Terminamos a visita com um pequeno museu (onde finalmente podemos tirar algumas fotos). A LV criou duas mascotes: Vivienne e Gaston, e a Vivienne tinha direito a essa pequena mala estilo “casa de boneca”. É tããão fofo!!!

Aproveitamos o museu para revisar um pouco a história da Louis Vuitton: tudo começa com viagens de trem em que as pessoas precisam de malas para guardar suas coisas. Vuitton teve uma ideia genial: usar tecido em vez de couro para revestir as malas, é mais leve, durável, impermeável. Sua ideia foi copiada em todo lugar. Ele tenta se diferenciar colocando estampas listradas, depois o damier, mas é copiado novamente, então seu filho cria esses motivos japonisantes e o LV característico.

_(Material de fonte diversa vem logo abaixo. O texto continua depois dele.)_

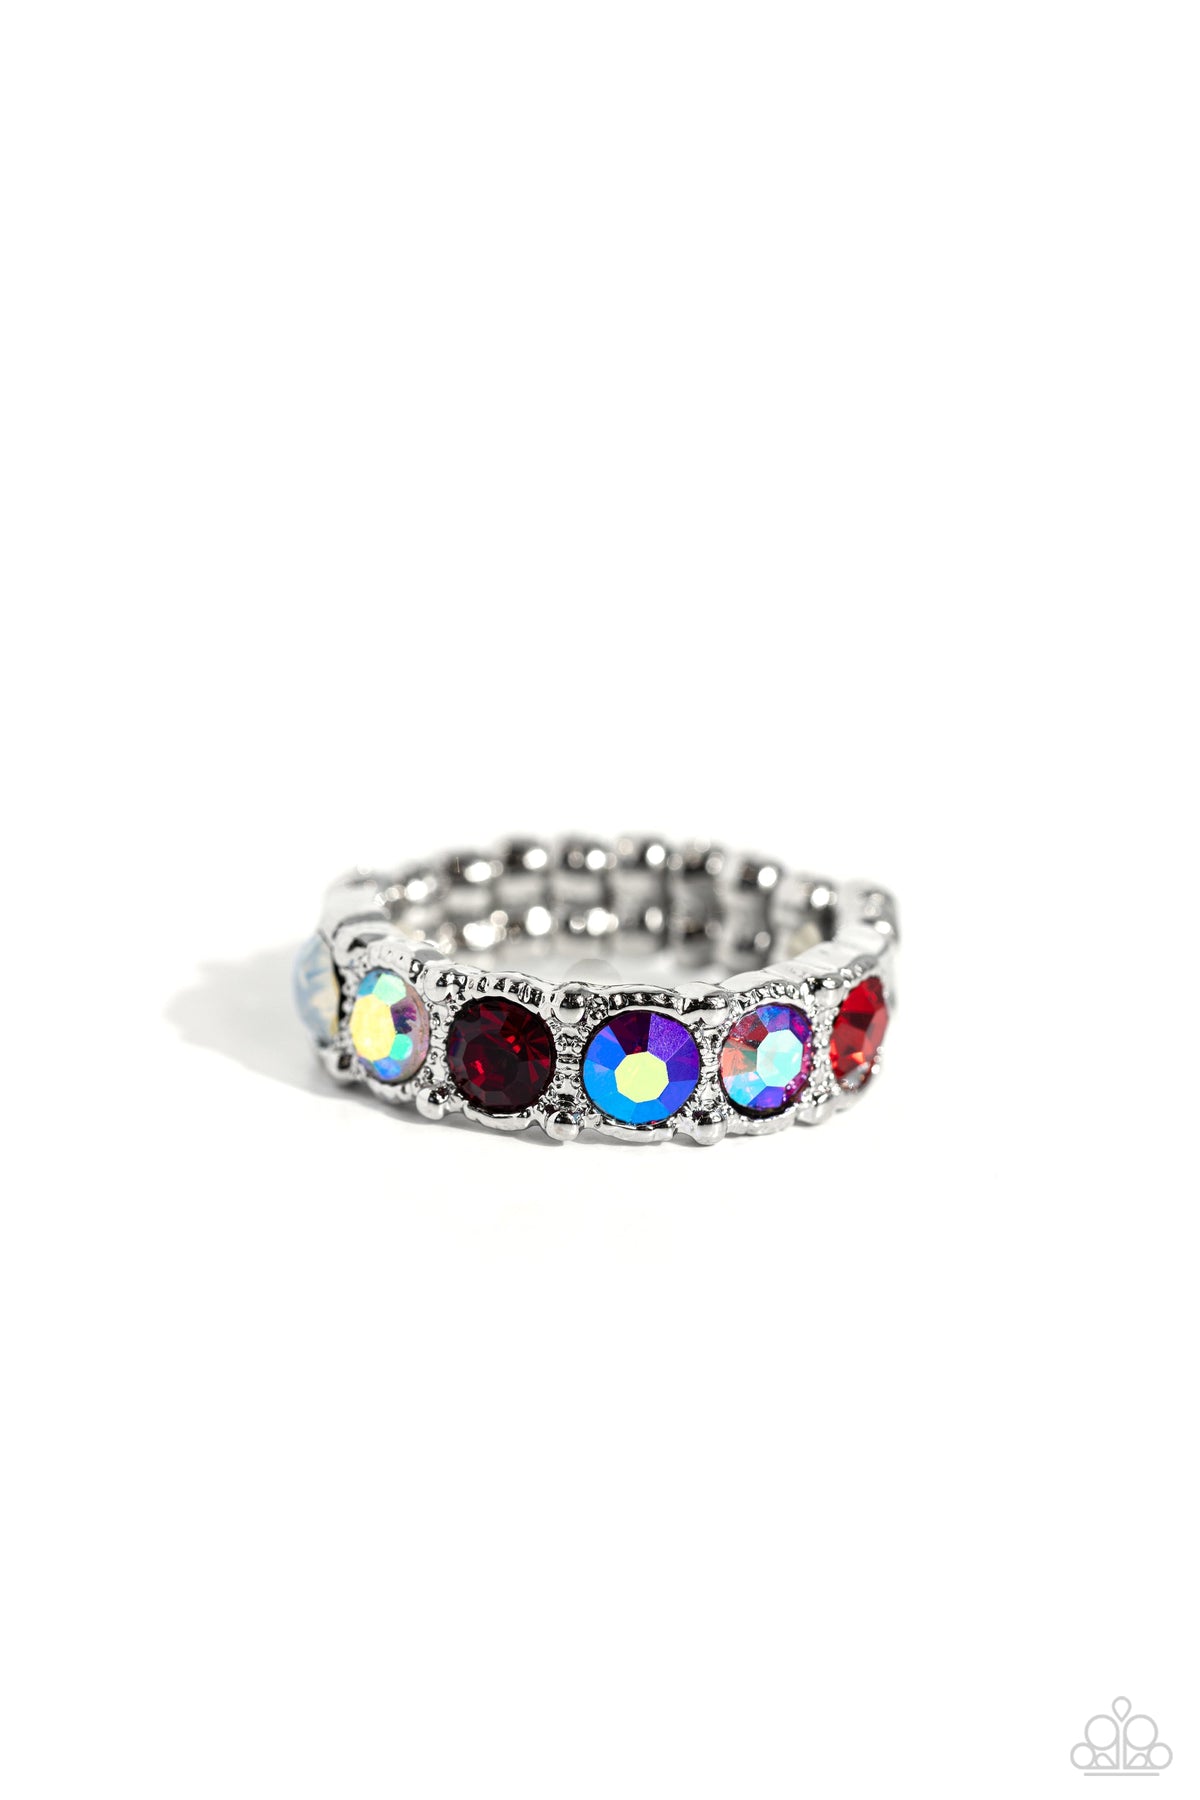 Taming Twilight Red, Iridescent &amp; Opal Rhinestone Ring - Paparazzi Accessories- lightbox - CarasShop.com - $5 Jewelry by Cara Jewels

Depois, as malas perderam o prestígio e eles se diversificaram oferecendo bolsas.
O que não nos disseram, mas li em outro lugar, é a compra nada esperada (nem desejável) da LV por Bernard Arnault… mas chiu! Como no caso da Dior, contemos como Christian Dior amava rosas, em vez de contar como a maison estava quase em ruínas quando o Sr. Arnault a comprou (fonte). Chiiiu!!
Louis Vuitton se orgulha de seu passado de seleiro, o que a diferencia de outras casas oriundas da sela (Hermès) ou da moda (Chanel). Recentemente, a LVMH comprou a Moynat, que também começou como seleiro. Não sei bem como conseguem posicionar a Moynat, mas por enquanto não está ganhando (falaremos sobre isso em outro artigo, pois também visitamos o ateliê da Moynat, fique ligado!).
Bem, gostei muito muito dessa visita! Nosso guia foi incrível, parece que ela já exerceu todas essas profissões antes de nos guiar pelo ateliê. Ela sabe nos dizer qual tarefa é difícil, qual material é necessário para cada tarefa… foi esplêndido!
No final, fomos convidados novamente à casa Vuitton para beber champanhe, da Veuve Clicquot (a senhora que se apressava a vender champanhe aos inimigos para que comemorassem sua (recém) vitória contra a França)… eu me diverti muito com essa escolha! Poderiam ter oferecido outra marca, mas não, era Veuve Clicquot.
Todos saímos com um pote de mel vindo dos telhados da casa.